Enclosed by a landscape that no painter could portray, before my eyes lay--or rather shone--magnificent New York. At every moment steamships passed.

America.

IV

THERE WERE NOW four letters to be written. The first, in every sense, must be to the extraordinary Miss Godefroy. I made several drafts, whittling it like a convict with a love token until all the tumult of my heart was hidden in its plain design. In fifty-seven English words I informed the angelic creature that I was planning, as soon as this week, to pay a visit to the prison at Wethersfield, Connecticut, and was hoping I might there have an opportunity to not only interview her father on the subject of the prison he commanded, but continue our conversation of Moliere, whose works I would carry with me in a fine edition.

Next, a short note to my secretary, instructing him to transcribe this to a gilt paste card. To my relief he obeyed.

I then wrote to Miss Godefroy's father, introducing myself as the French commissioner and hoping I might interview him at his soonest convenience.

That done, I drafted a letter to the Quakers in Philadelphia, who expected me on Crooked Billet Wharf this coming Friday. I canceled them forthwith. It was to Mr. Vaux I wrote, asserting (not untruthfully) that I had heard so much in favor of the solitary system at their Eastern Prison, I thought it wiser that I first visit Wethersfield, Auburn, and Sing Sing, whose different systems, all being of the whip side of the aisle, so to speak, would provide a firm basis of comparison with his Eastern Prison. I hoped this change of plan would not discommode him or Mrs.
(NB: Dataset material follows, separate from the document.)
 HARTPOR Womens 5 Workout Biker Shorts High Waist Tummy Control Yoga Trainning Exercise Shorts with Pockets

Dougdale and the members of the
Society for the Alleviation of the Miseries of the Public Prisons
, but it would ensure I would finally come among them as a better-educated man.
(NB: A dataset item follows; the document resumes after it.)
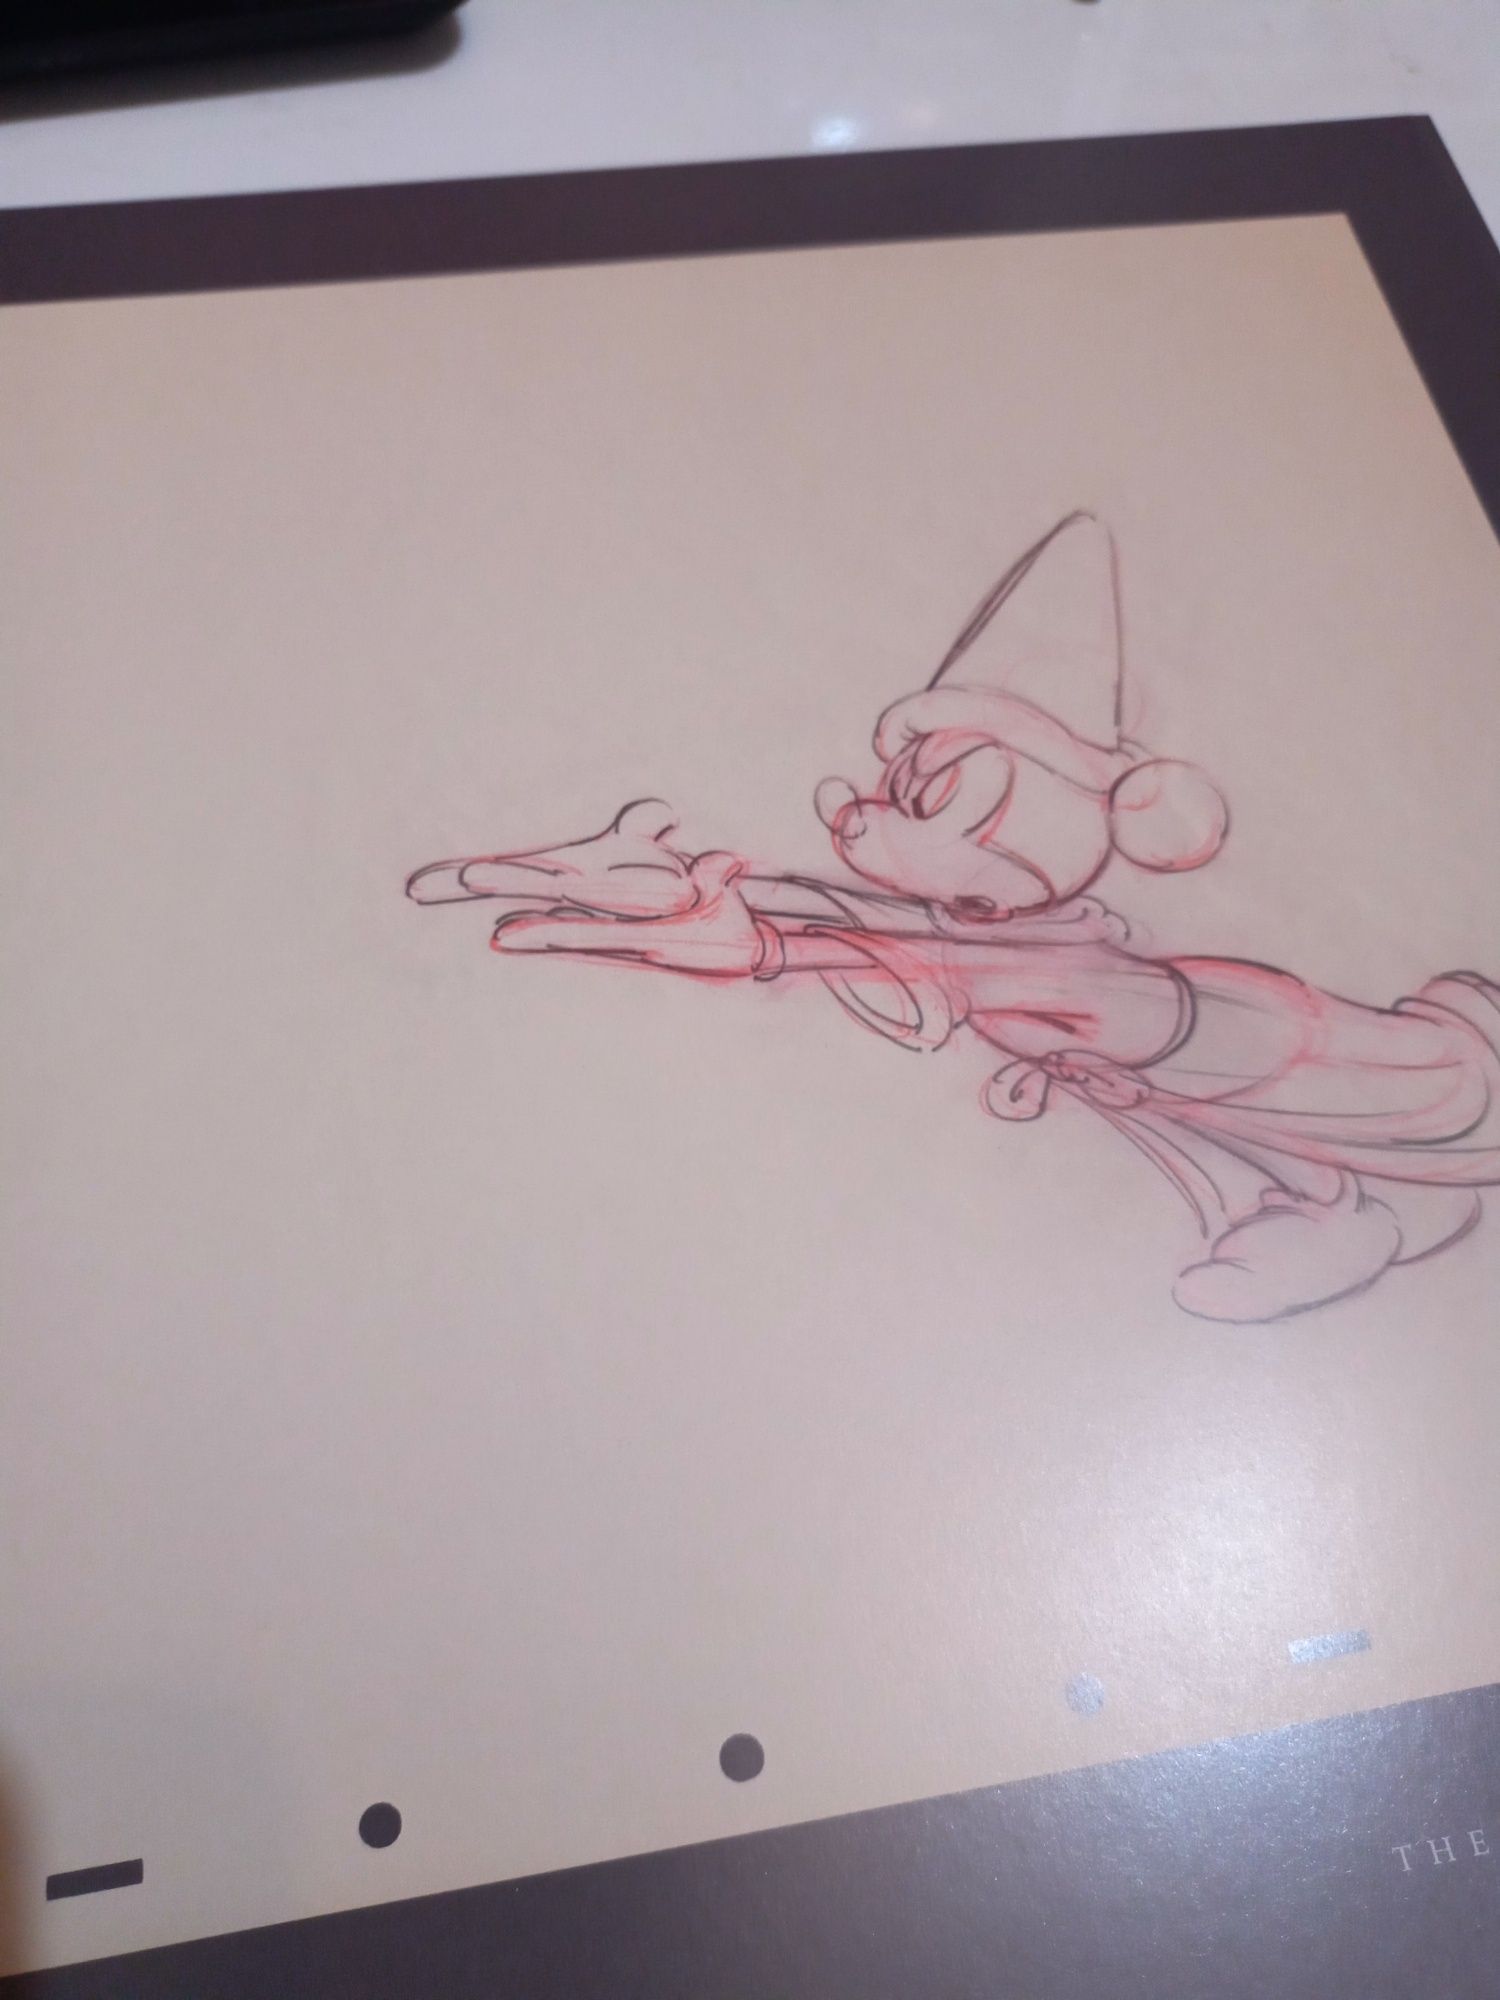 Walt Disney Animation Studios the Archive Series: Animation

Only with Blacqueville might I have been concise: Dear Friend, I am in love.

My mother was not to be confided in, of course--she had never forgotten the case of the Comte de Heudreville, who had returned to Paris with an American wife--and it made no difference that the poor creature was a Catholic or that her watercolors were of considerable delicacy. My mother's concern that I would
faire comme Heudreville
was so pronounced that seldom a letter passed between us where she did not inquire of the habits of American females. I was accustomed to replying in a manner that might seem, to those not privileged to know the Comtesse de Garmont, unduly frank.
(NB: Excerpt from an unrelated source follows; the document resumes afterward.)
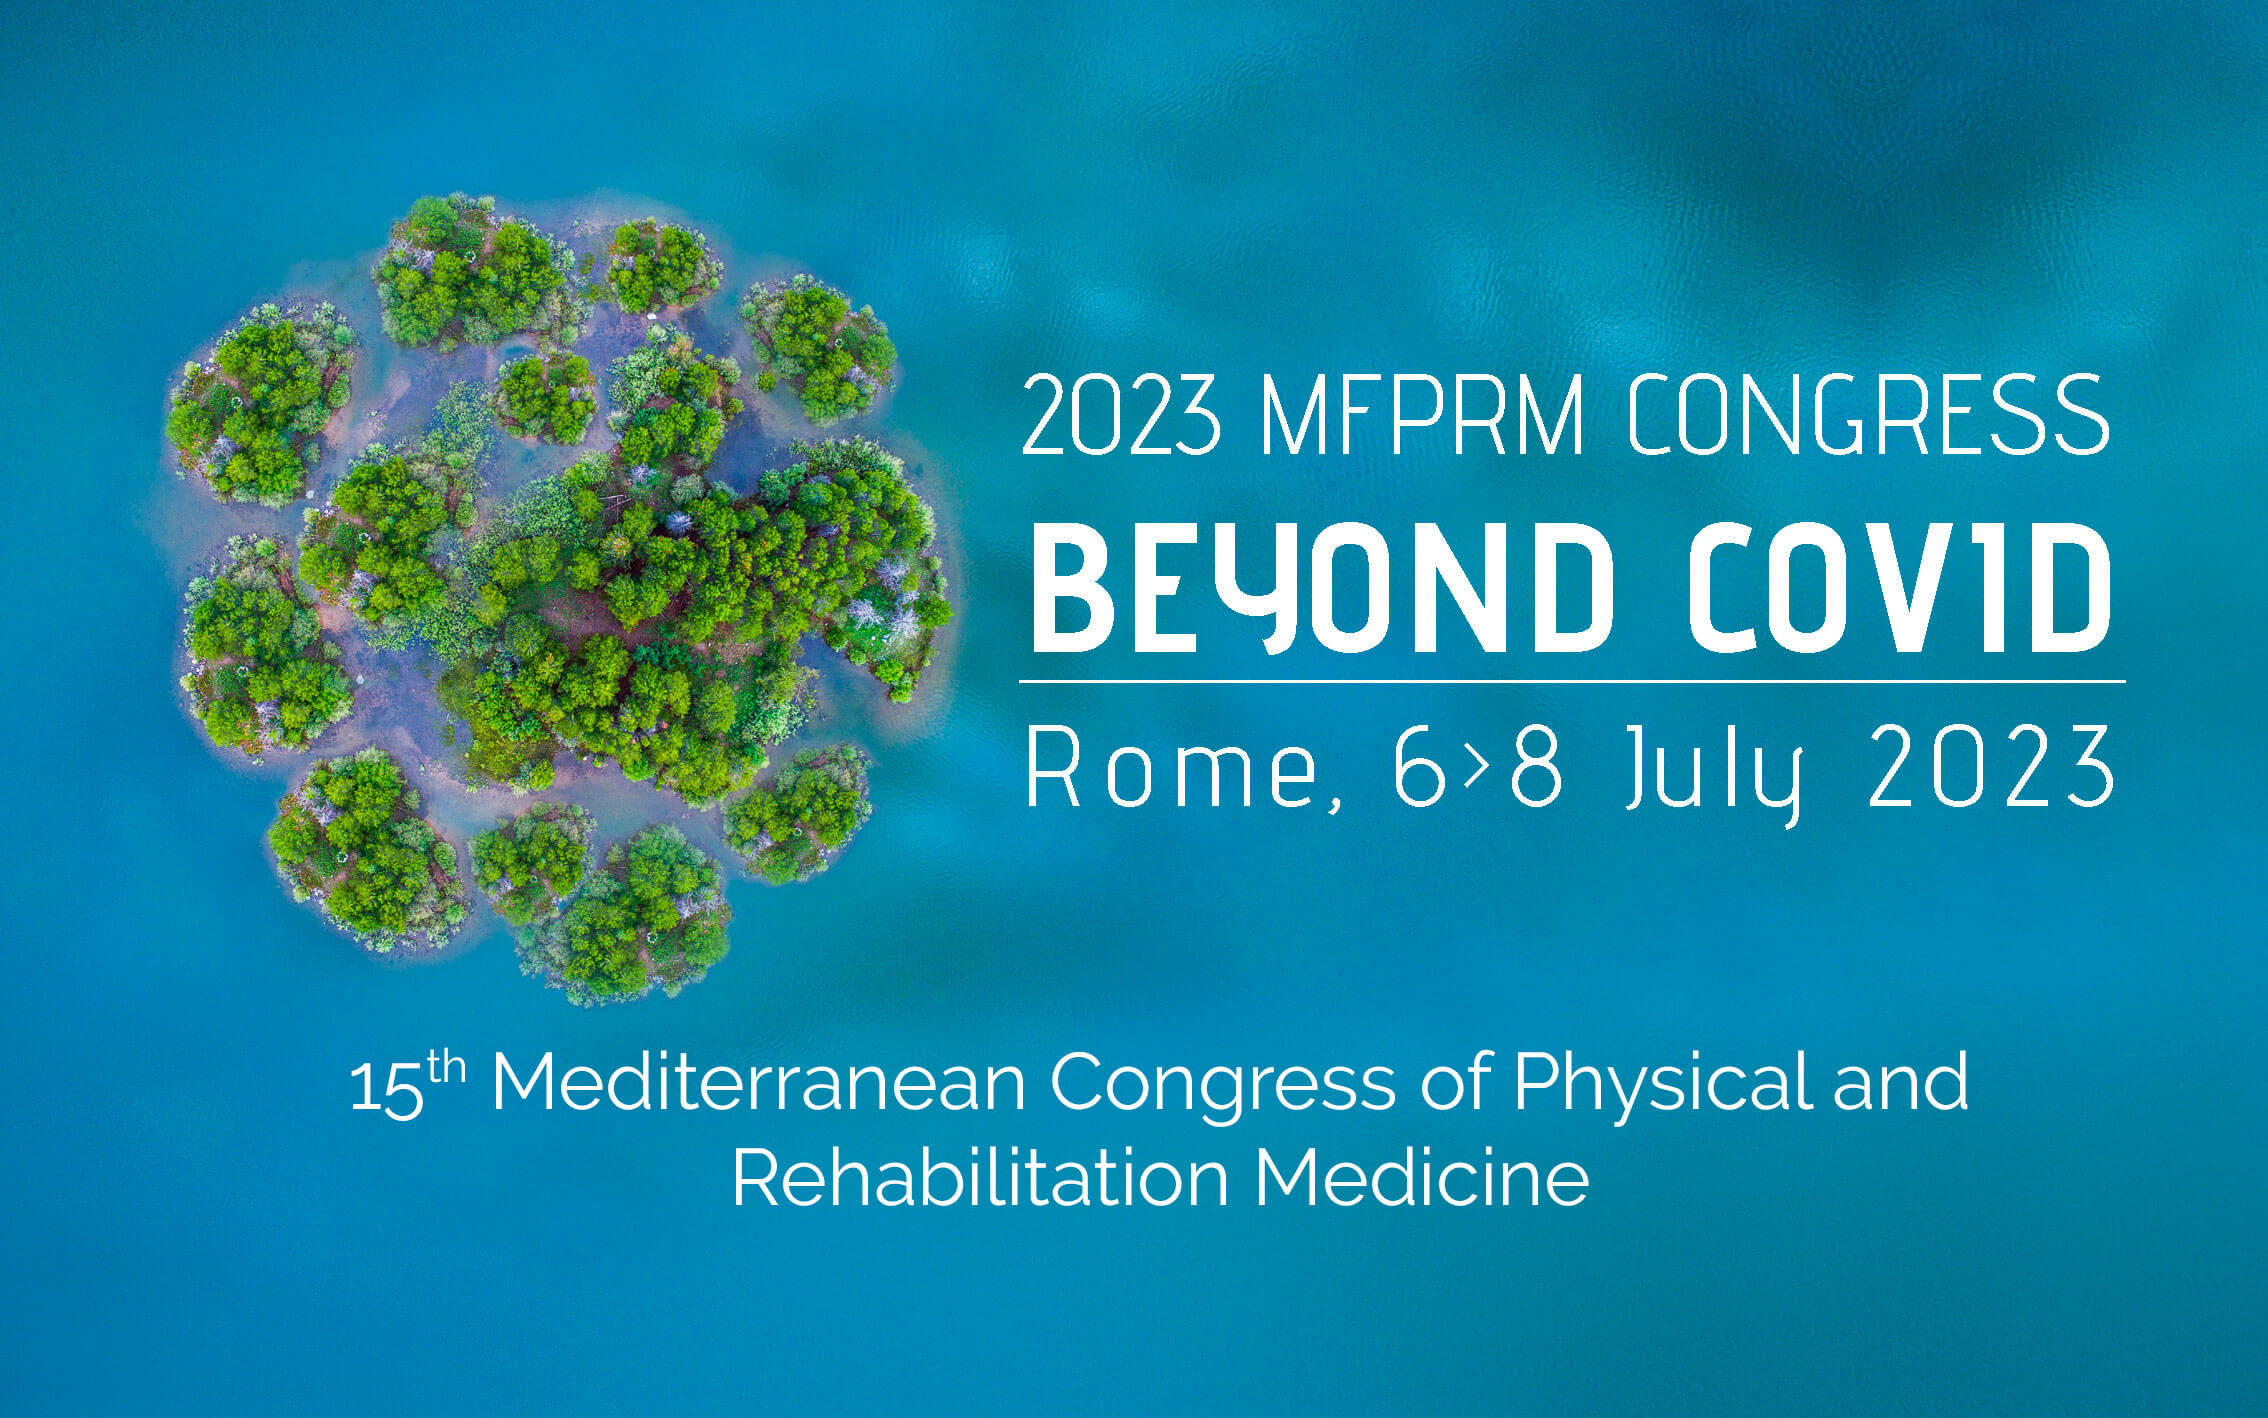 MFPRM Congress Beyond Covid: 6 - 8 July 2023.

"Dear Maman," I reassured her that Sunday night, "I have been here in New York and am leading the most active agitated life it is possible to imagine. I am overwhelmed by courtesies, burdened by visits, etc., etc. If I can escape the pursuit of
my numerous friends
, I throw myself on my ideas, set myself problems to solve, and lay the foundations of a great work which ought someday to make my reputation.

"I take my place at table, always served with meats more solid than well prepared, and around which are seated some very pretty persons, occasionally accompanied by some very ugly ones. You asked what is thought to be the great merit of women here. Well, Maman, it is this--to be very fresh-complexioned. Beyond that they have very few--or, rather, they have none at all--of those exterior charms which contribute so powerfully to elegance of figure, and whose noble form so pleases the educated eye.

"I don't know why I speak of their physical qualities, for you did not precisely inquire after them, and they are above all remarkable for their moral virtues. In general they are of very severe principle and irreproachable conduct.

"Evenings I go out into society. I see several American families fairly often, particularly that of Mr. Peek, our banker. He is the richest businessman in New York. I am received with infinite kindness in the Peek family. Mrs. Peek is a charming woman, as attractive as can be and flirtatious as you earlier foresaw. But I do not know and shall never know if her coquetry goes further. I am to go in several days to visit the prison at Sing Sing, which is only a few miles from New York. From there I travel to Wethersfield, Connecticut, and its famous prison, attended as always by M. de Tilbot's man whose legible hand allows you to read this very letter.

"If I went into society with intentions of pleasure or seduction, I could regard as lost the time I pass here. But as my resolutions are entirely opposed to this result, I find only profit in it. In the first place I inevitably learn the English language, for although many women affect to speak French, there are at least twenty with whom I have to speak English.

"I expect to write at greater length when on my way to Mr. Godefroy's prison at Wethersfield."

Of this dissembling I was not at all ashamed. Was it not my mother who engineered my departure from my natural society, and now I was here, was I not still a man? I might be safe from the so-called July Revolution, but I was not safe from love.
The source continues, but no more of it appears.